На утренний доклад я принёс, завёрнутым в мятую газету, тот самый ключ, о котором уже было известно даже командующему Тихоокеанским флотом, а может уже и Главкому ВМФ. Все выслушали очередную порцию утренней рутины и приготовились к гвоздю программы: очередной взбучке старшего лейтенанта Солдатенкова А.Е., командира МПК-143, по поводу непринятия мер для подъёма бесценного инструмента. Я стоически выслушал очередную серию упрёков и угроз и совершенно буднично положил предмет разговора на стол командира дивизиона. Что подумал в этот момент комдив неизвестно, явно ничего хорошего, но победителей не судят, пришлось потерпеть в свою очередь и ему. Самое печальное, что нельзя было разглашать способ подъёма ключа и, как следствие, представлять главного героя — старшего матроса Галилова к поощрению за грамотные и самоотверженные действия в необычайной ситуации. На вопрос комдива: «Как вам это удалось?» Пришлось покривить душой и сказать, что всю ночь кидали магнит от списанного магнетрона, привязанный на капроновом конце, в пространство между крышкой шахты ПОУ и нижней частью контейнера и, в конце концов, вытащили ключ. За всеобщим удовлетворением и ликованием руководства было забыто (или сделан вид, что забыто), что ключ изготовлен из немагнитного металла — титана. В дальнейшем Галилов конечно был поощрён отпуском с выездом домой, но формулировка поощрения, к сожалению, была иная.
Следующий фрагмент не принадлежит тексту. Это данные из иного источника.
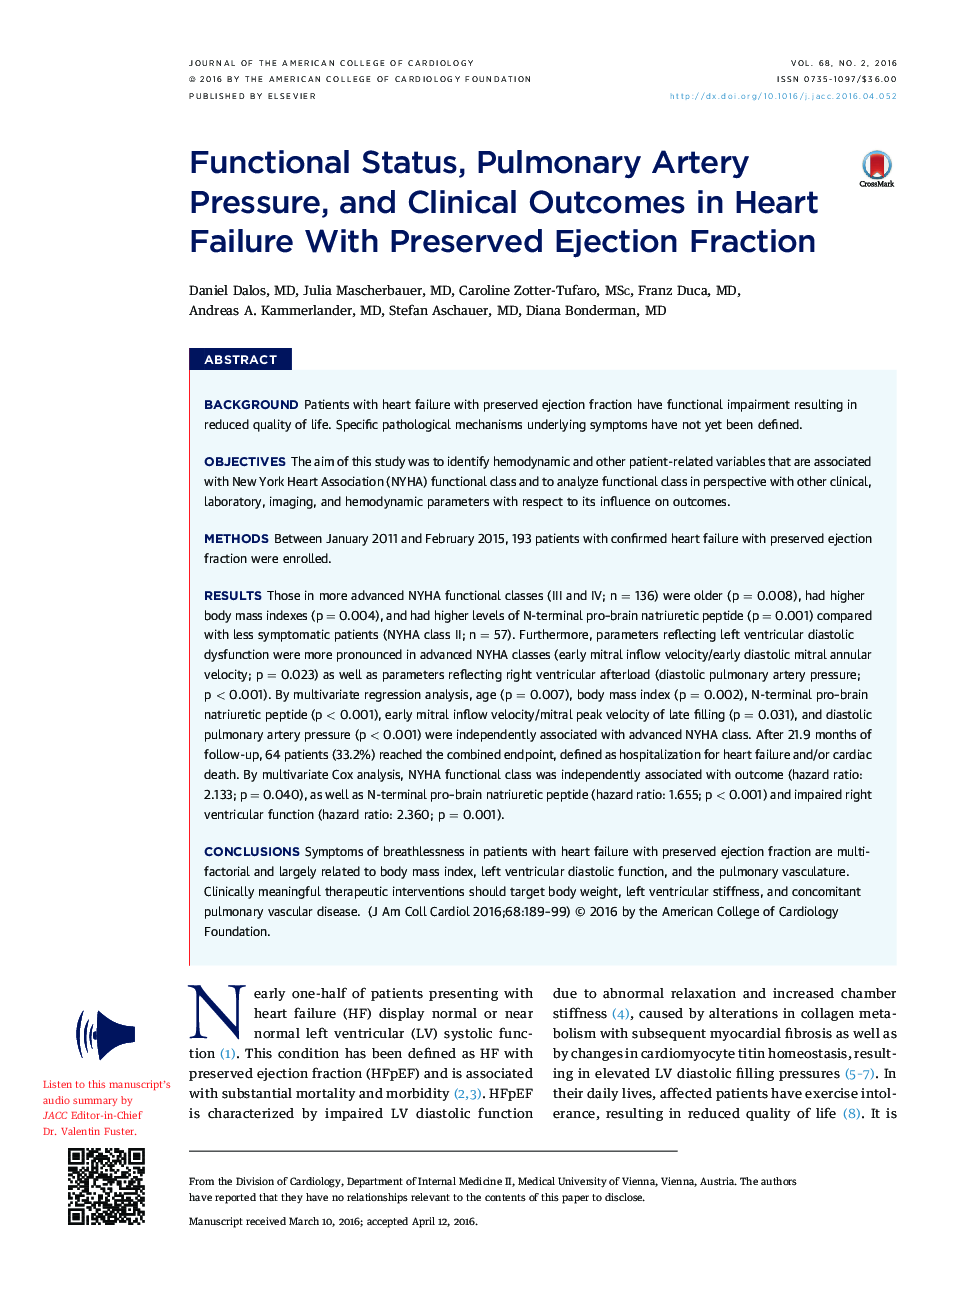 وضعیت عملکردی، فشار عروق ریوی و نتایج بالینی در نارسایی قلب با ضریب اکسیژن محافظت شده

Разделка и герметизация узла крепления кабельтроса гарантийной бригадой была произведена за один рабочий день. Ещё световой день ушёл на выход в море и испытания контейнера на максимальную глубину погружения, а общий простой корабля составил неделю. Впоследствии я вспомнил о движении корабля в ходе госиспытаний в ледовых условиях с контейнером, не поднятым в шахту из-за неисправности гидравлической лебёдки, под гарантию ответсдатчика. Возможно, это были последствия того «гарантийного» плавания.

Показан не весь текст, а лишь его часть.